Let us give the VC a benefit of doubt that he wanted action only against the anti-social elements who had mingled with regular students and were threats to university properties. Even then, as guardian of the children, if he thinks students are like his children, he should have stepped down because he has lost the trust of the student community on the campus.

But he will not quit. He would rather close the university once again as his latest letter to students suggests than step aside and let a temporary VC run the show. Dear students, you must understand that you are not in Nehru’s India. And there is no Maulana Azad as education minister to indulge you even if you show anger to him.

And Dr Tarique Mansoor is no match for Dr Zakir Hussain when it comes to summoning a combination of courage and foresight to quell student unrest. A hostile regime which is anti-intellectual wealth and sees a section of citizens with jaundiced eyes cannot be expected to be sympathetic to your cause. 
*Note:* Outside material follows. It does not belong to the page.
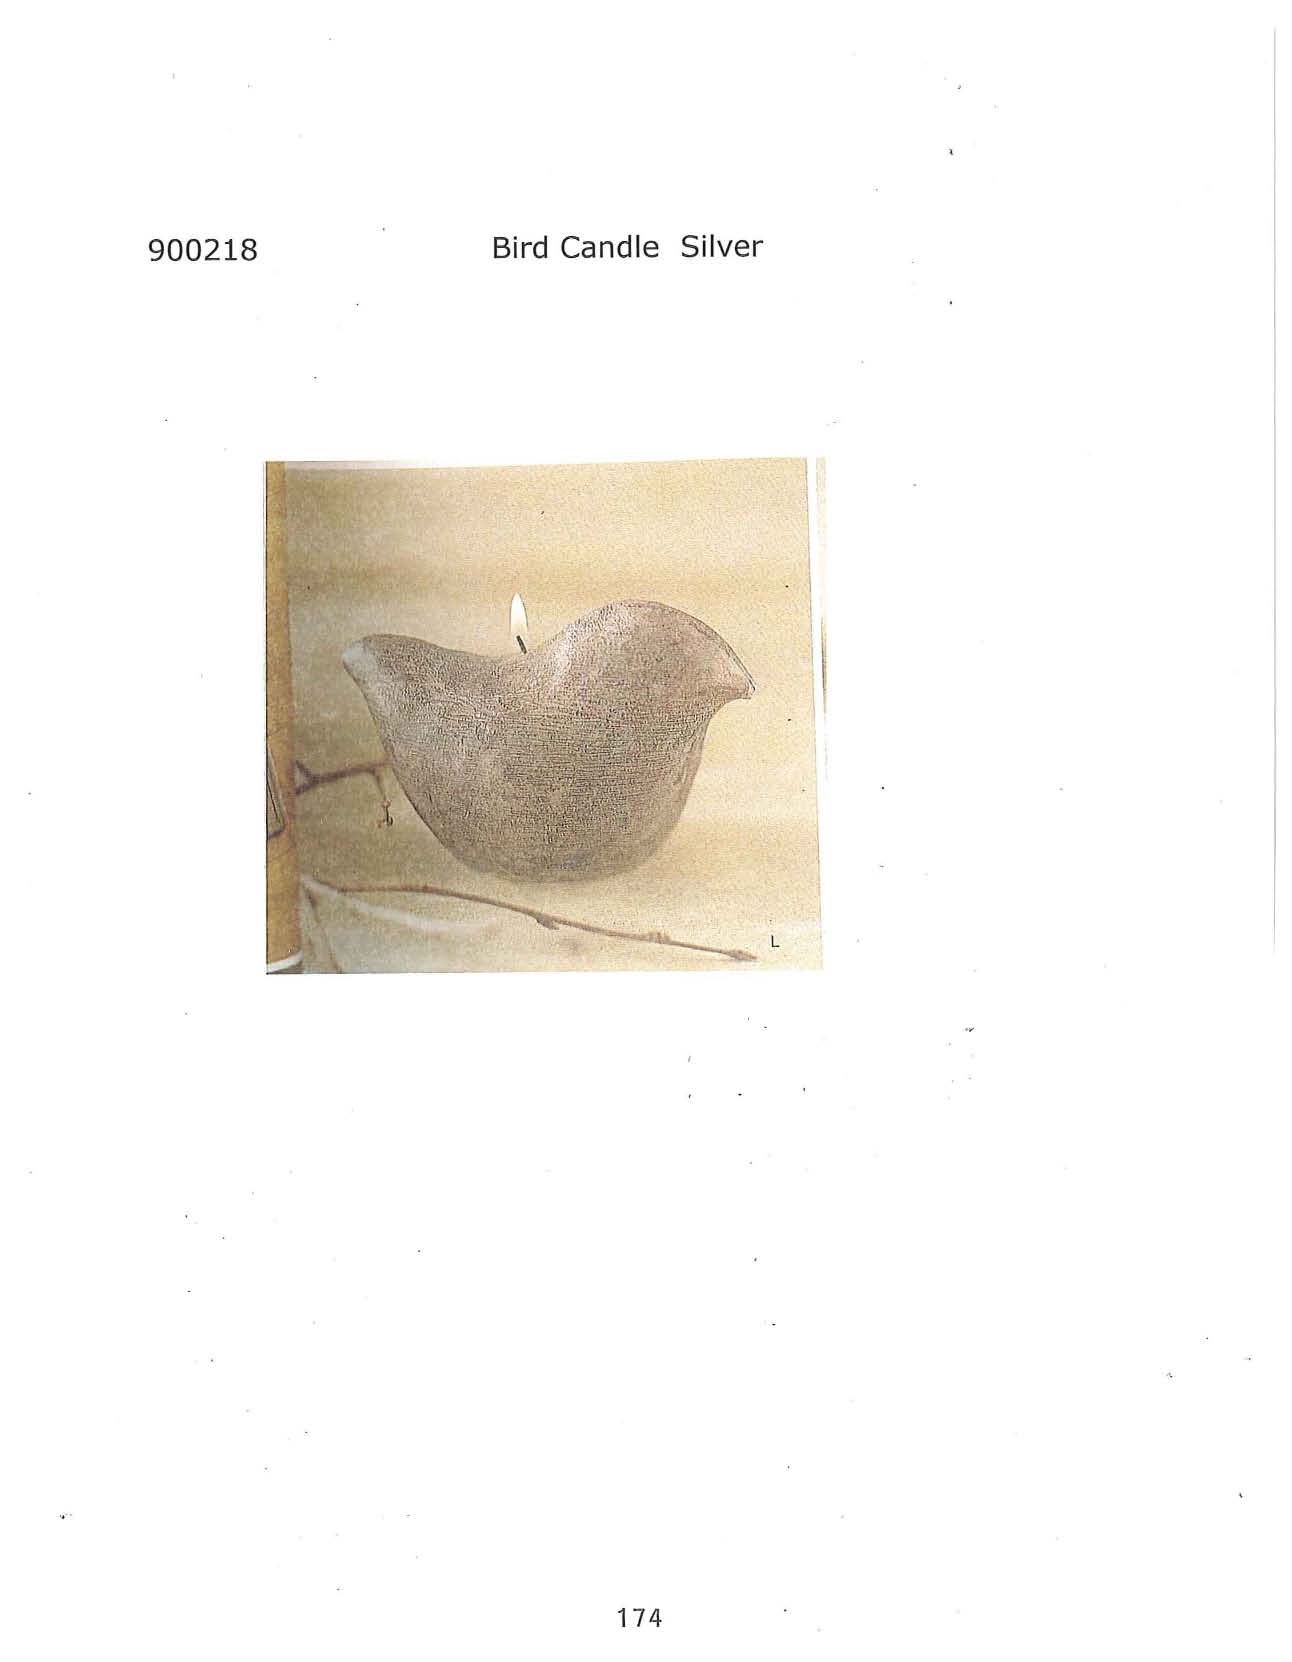 Bird Candle - Silver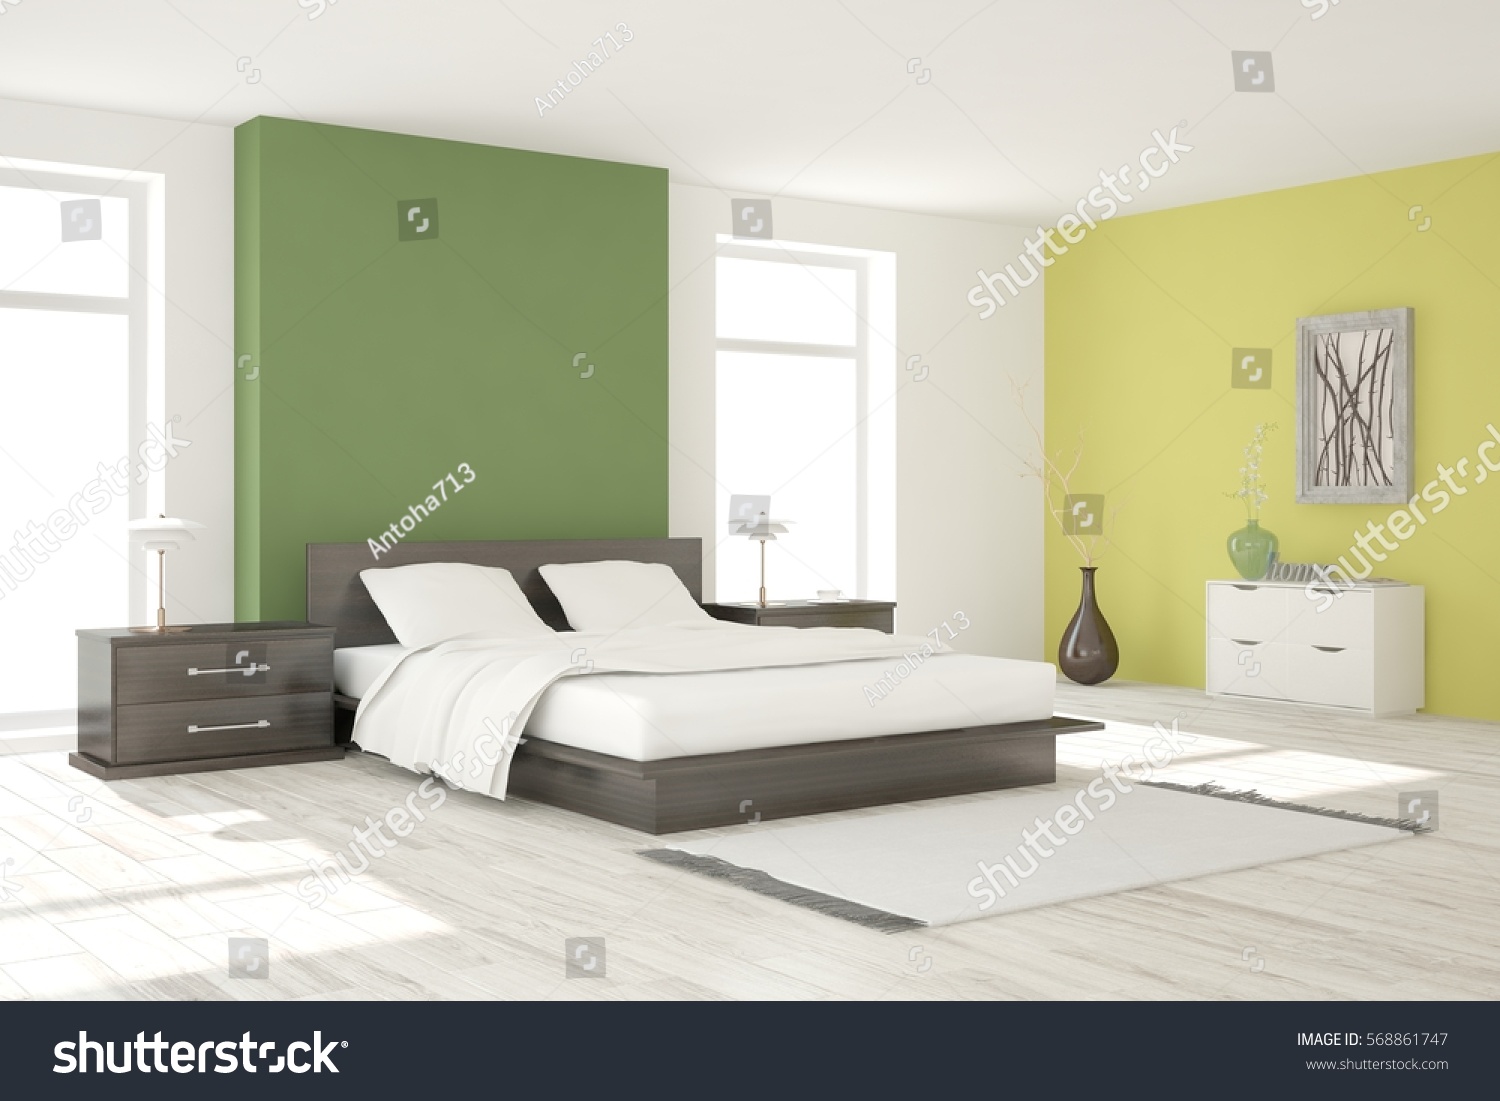 Green bedroom. Scandinavian interior design. 3D illustration #568861747

Your demand, therefore, for resignations of VC and Registrar, though legitimate, will fall on deaf ears. By continuing to boycott classes and exams, you will be giving the VC an excuse to shut down the university again. Who will be the ultimate losers? The VC, teaching and non-teaching staff will continue to get paid their salaries even if there is no work on the campus. The cops will be asked to enter the campus again and evacuate the hostels. You will lose your session and probably one crucial year.

 I just heard a viral audio conversation of a law student of AMU with Political Science’s Professor Arshi Khan. When the student asks Khan what should the students do, Khan says that honesty feels the students should resume classes, sit for exams and protest to if they believe they must protest.

He adds that his own children are no longer studying at the university and, if they were there, he would have advised them too not to harm their career. This seems a sage suggestion. Protest is a continuing process. For students, the world is a stage and peaceful protests can happen in various forms.

A head of an educational institution will feel isolated if he is disliked by a majority of the students. Professor Khan also gives yeo examples from history. He says, and rightly so, that Sir Syed would not have succeeded in his mission had he remained perpetually hostile to the British though he had lost close relatives in the Holocaust of 1857.

His mother became so ill and famished due to lack of food and care that she died soon after the storm had passed. Prof Khan cites the Hudaibiya agreement he signed with the pagan Meccans. Despite his companions giving a dissenting note that it was capitulation and humiliating, the Prophet went ahead with the agreement because he could forsee its noble results in future.

Self-preservation is a trait of the wise and AMU students must learn it. When I was a student at AMU in the mid-1980s I remember the renowned Urdu scholar late Qazi Abdus Sattar once saying:” Hindustani Musalamaanon ka asli Taj Mahal woh nahin jo Agra mein. Woh hai jo Aligarh mein hai (The real Taj Mahal of Indian Muslims is not the one at Agra, but the one that is at Aligarh). How true.

We are proud of the beautiful Taj Mahal in Agra. But it is an architectural beauty cast in cold, lifeless white marble. But the Taj Mahal that Sir Syed has left for us pulsates with a unique vigour and vitality. It epitomizes a renaissance that brought renewal to a community which had hit a dead end in the aftermath of 1857 pogrom. 

Dear students, you have made a pledge to preserve and protect this great heritage that you have inherited. And let me tell you, the world can give you institutions with better infrastructure. The world cannot give you another AMU. AMU is intertwined with the fate of Muslims even if many may disagree. If AMU dies, so will Muslims in India.

And there is nothing communal in saying so. Those who know the circumstances in and purpose for which AMU was created will agree. As an alumnus, it is my fervent appeal to you to go back to your classes, defeat the designs of those who want your seminary to be locked up. You will not be ashamed before the old man of Aligarh when you meet him on the Day of Judgment. Neither will I.

Mohammed Wajihuddin, a senior journalist, is associated with The Times of India, Mumbai. This piece has been picked up from his blog.